After the Hangouts/Allo/Duo debacle, I've done exactly this. I'll never put time into a new Google product again. My projects don't use G Suites or Cloud, either.
G Suite and Google Cloud are very different. GSuite is the enterprise version of the consumer apps which have billions of users so it's not going anywhere. Google Cloud has potential to meet or exceed adtech revenue and has some very big commercial customers.
It's these smaller apps that suffer because $400/month isn't enough to make a difference at Google scale. They do have a mandate to keep innovating but it's a strange cycle where the company produces some great software and then abandons it due to lack of success, because it's already too successful.
> G Suite and Google Cloud are very different.
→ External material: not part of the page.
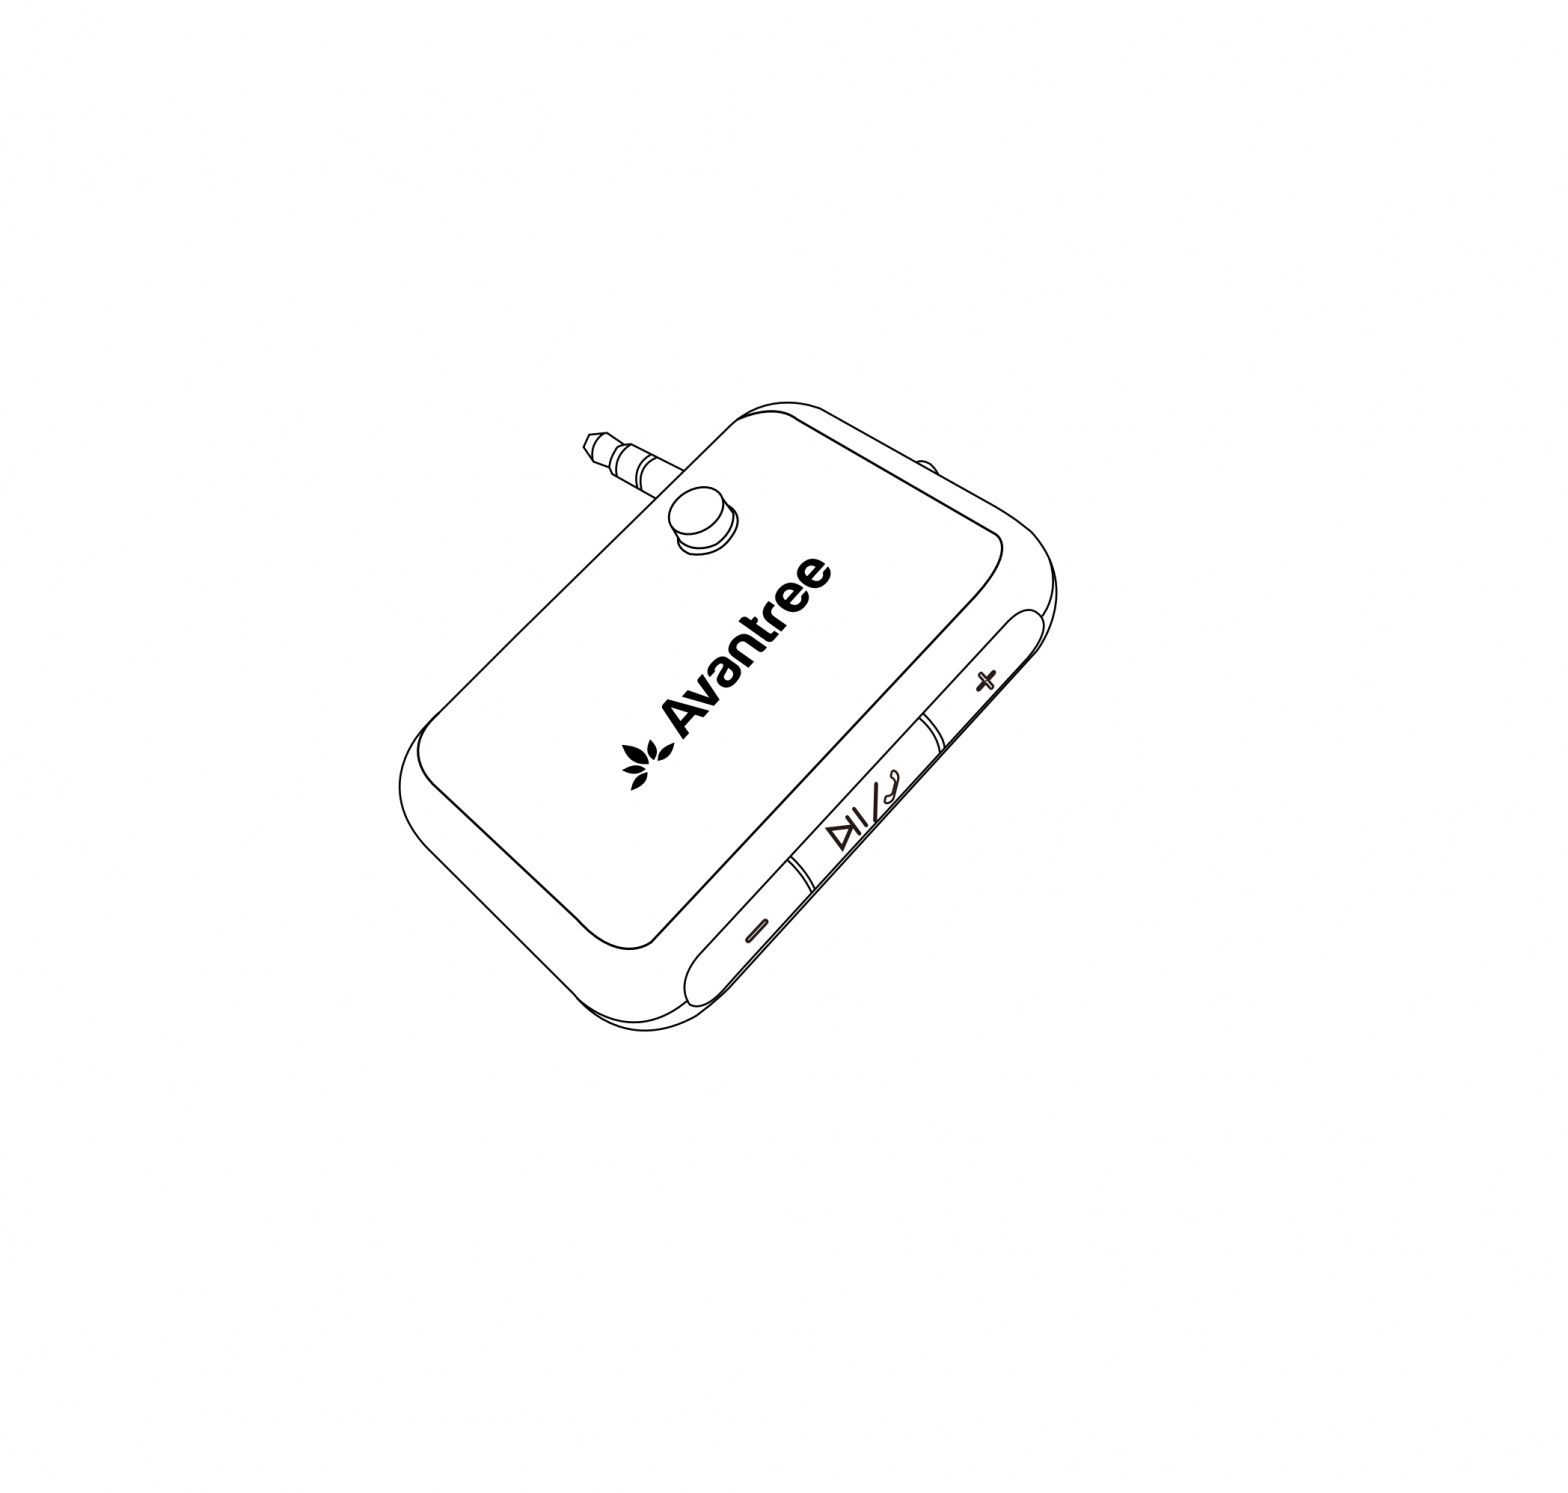 Avantree Portable Wireless Car Kit User Manual

GSuite is the enterprise version of the consumer apps which have billions of users so it's not going anywhere.
It integrate into G-Suite but Hire is a separate application with its own subscription. I think it's clear that the G-Suite core services (email, calendar, productivity) are not going to be shutdown.
But since I started to use GCP 2012 a number of services has been left to die by abandonement.
Most of the times you get a clear migration path to a new service, but sometimes you dont such as when they kill the devserver for appengine standard in go 1.12 without giving a proper migration strategy. Everyone I know dread when they decide to deprecate go 1.11 support.
Same here, for me the cracking point was a combination of horror stories about peoples autobanned from the whole google ecosystem (including a whole life of gmail, company infra on google cloud, everything!) and the constant discontinuation of products
Agreed. Not only might your investment into a platform be lost, but there is a tail risk somewhere out there that if you hack something together and they decide they don't like it, it might actually hurt you. I'm not convinced that this would be more likely using an obscure service, but my intuition is that would be - since any bad press for them is instantly not worth it.
So, I don't use G Suite. I just have the free consumer Hangouts (without Gmail; deleted that a long time ago .. which after the G+ shutdown, means I can no longer search contact .. weird).
So for regular old consumer Hangouts (formerly part of G+) is that going away too? What happens to the phone number I have attached to it. .. I feel like I should port that way from Google sooner rather than later.
It's these smaller apps that suffer because $400/month isn't enough to make a difference at Google scale. They do have a mandate to keep innovating but it's a strange cycle where the company produces some great software and then abandons it due to lack of success, because it's already too successful.